It’s safe to say that Perspective covers a lot of ground musically speaking. You would’t go as far as to say it is eclectic, but stylistically it is happy to shift around a number of genres, from accessible rock to soul, pop and hushed R&B and from late night piano ballads to gentle gospel. And between these parameters Wembi creates an album that already feels like a future classic, one of those that gets revisited and re-explored by successions of new listeners as the years roll by.
Songs such as Hell No! immediately put you in mind of the likes of Toto and that funky pop-rock groove that has served them so well over the years and it is a song that I find myself drawn to lyrically right from the off, intrigued by a set of lyrics that, though the names have been removed to protect the guilty, it can be read as either covertly political or highly personal. Or both.

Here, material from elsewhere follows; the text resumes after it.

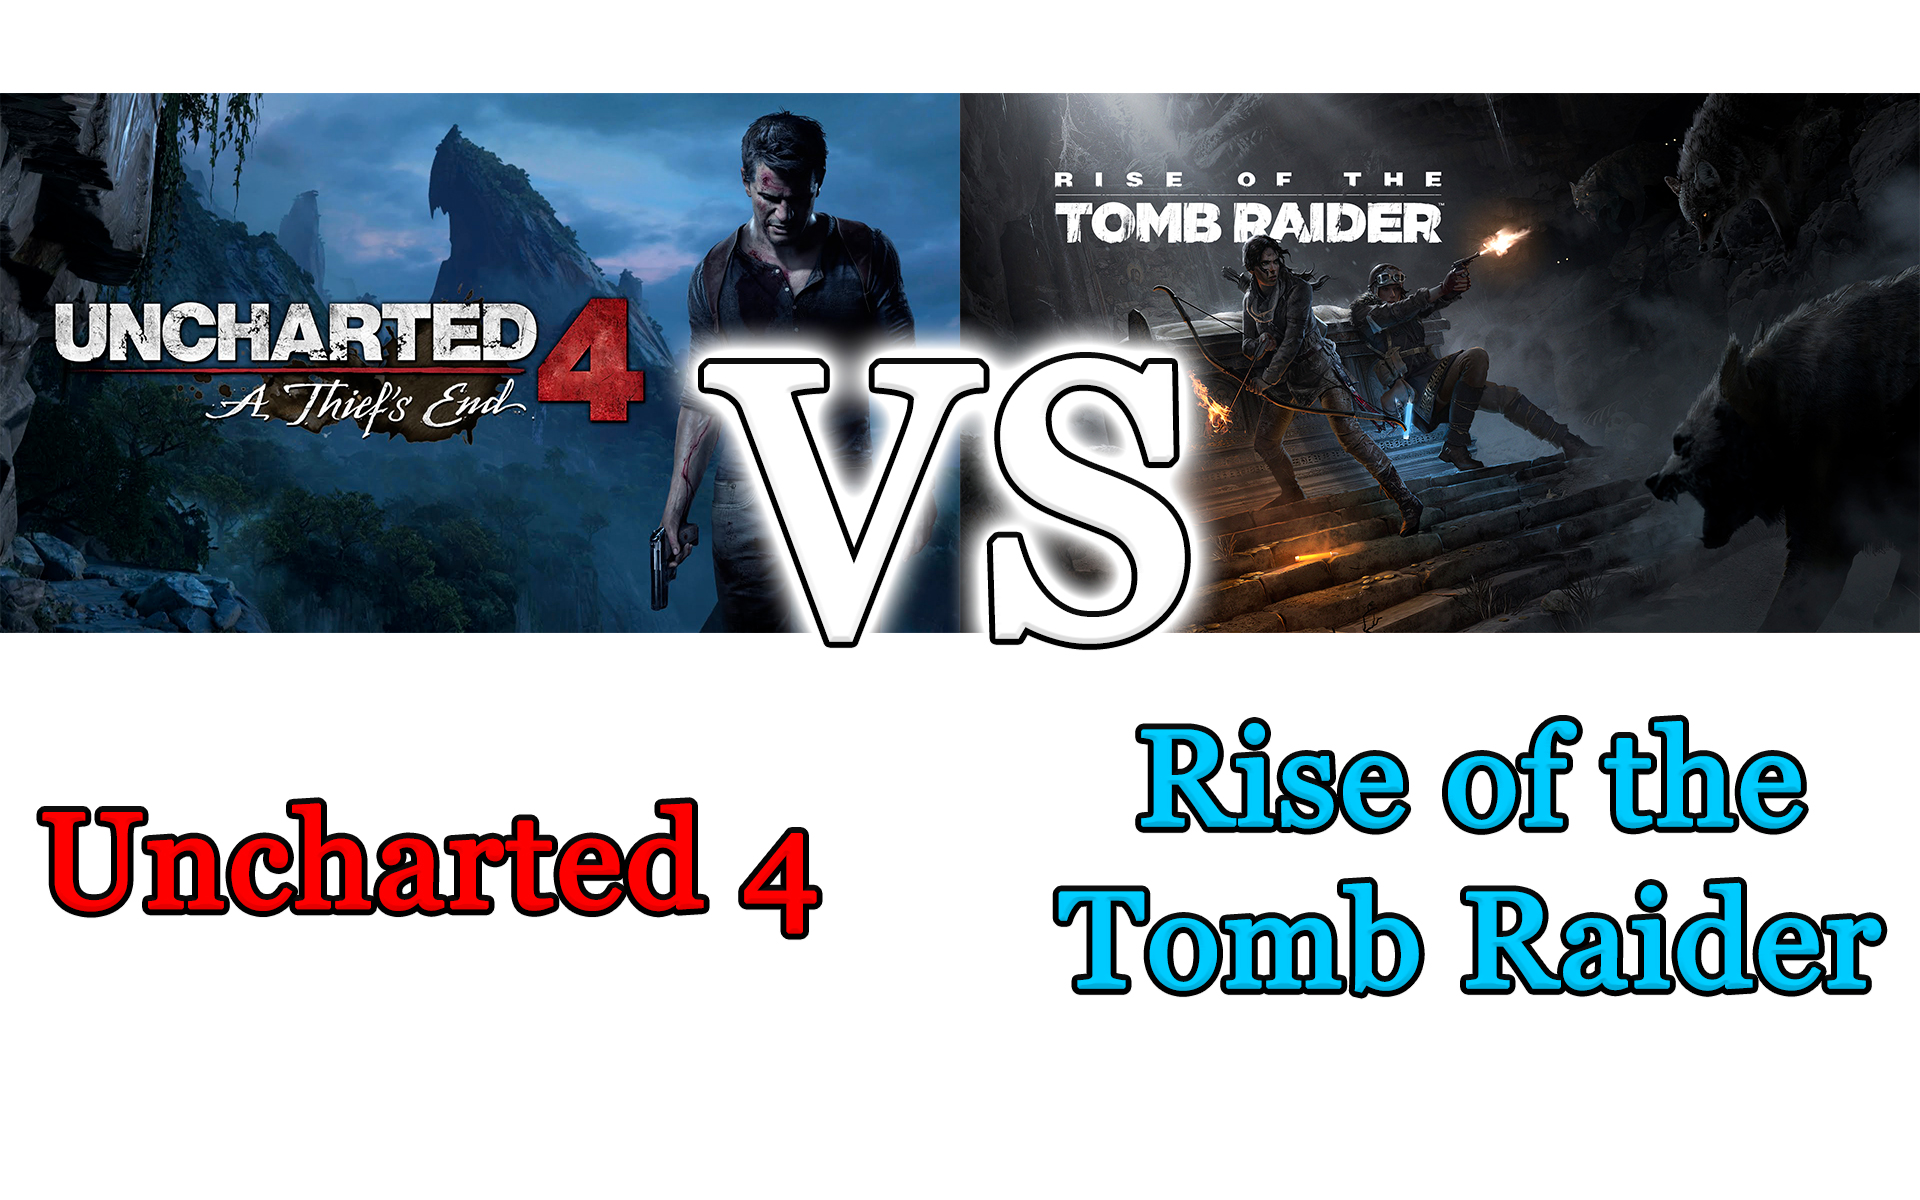 uncharted vs rise of the tomb raider

Ring The Bell plays with no such vagueness, an intimate message rendered into a smooth piano piece all emotive space and anticipation, atmosphere and heartfelt feelings and musically there seems to be as much power and intent in the gaps between the notes and the pauses between the words as in the more structured parts of the song. Less is indeed more and space is there not just to be filled but perhaps also framed, enhanced and used as an integral part of the song itself. Tanganyika takes a more electro-pop line, mixing groovesome rhythms and pulsing bass lines with synth melodies to form a striking instrumental piece.

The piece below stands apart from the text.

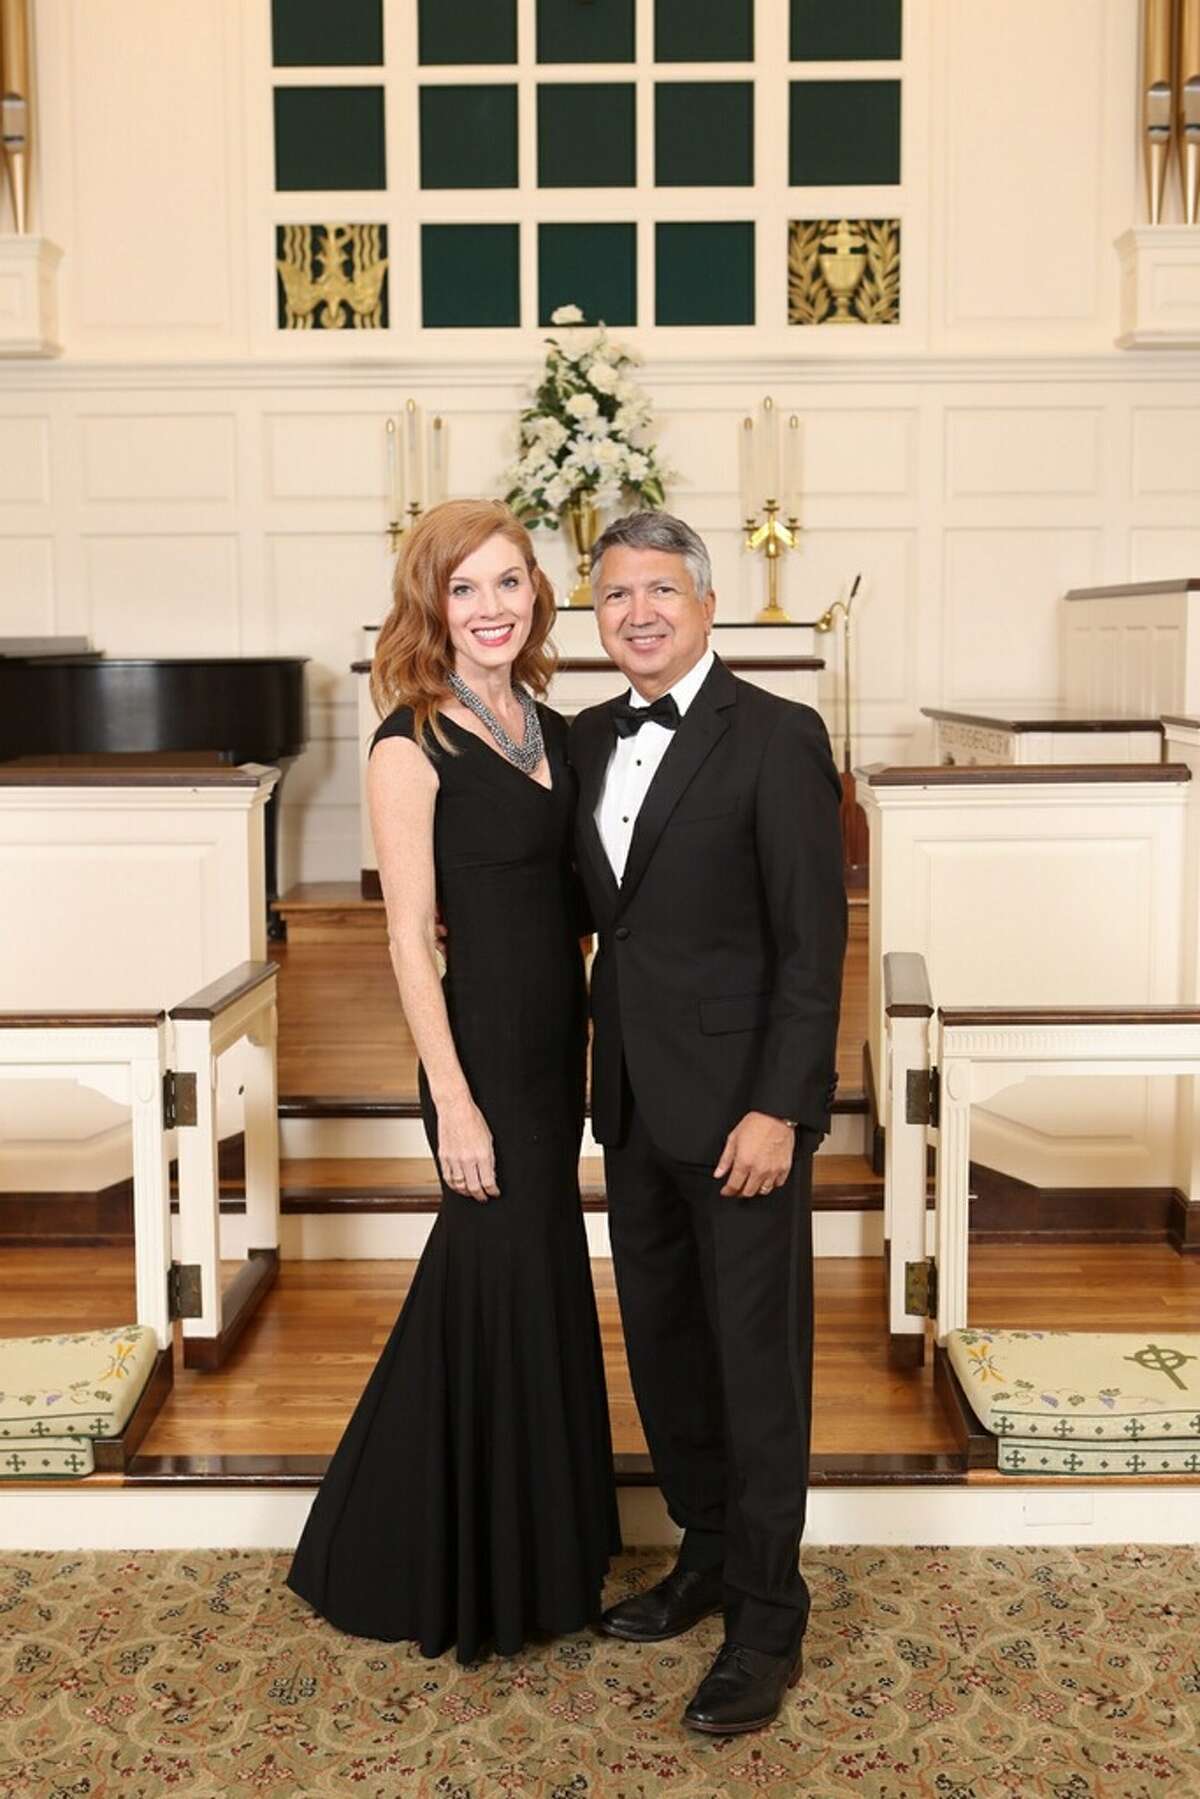 Beloved Local News Anchor Ron Trevino Ties The Knot

But what Wembi revels in is deftly crafted ballads whose largely unadorned nature means that the grace and beautiful simplicity of their creation is open for all to see. Songs such as A Promise, Hopes and Lies and the statement of support and solidarity that is Puerto Rico are brave enough to remain fairly simple songs and that is where their power lies. It is easy for artists to fall into the trap of entering the studio and adding layer upon layer of sound, texture and musical excess to what was already a great song an act that only seeks to muddy the waters. Thankfully Wembi knows that he has good songs to start with and plays to their aesthetic strengths by allowing them to breath. Did I say good songs? Make that great songs!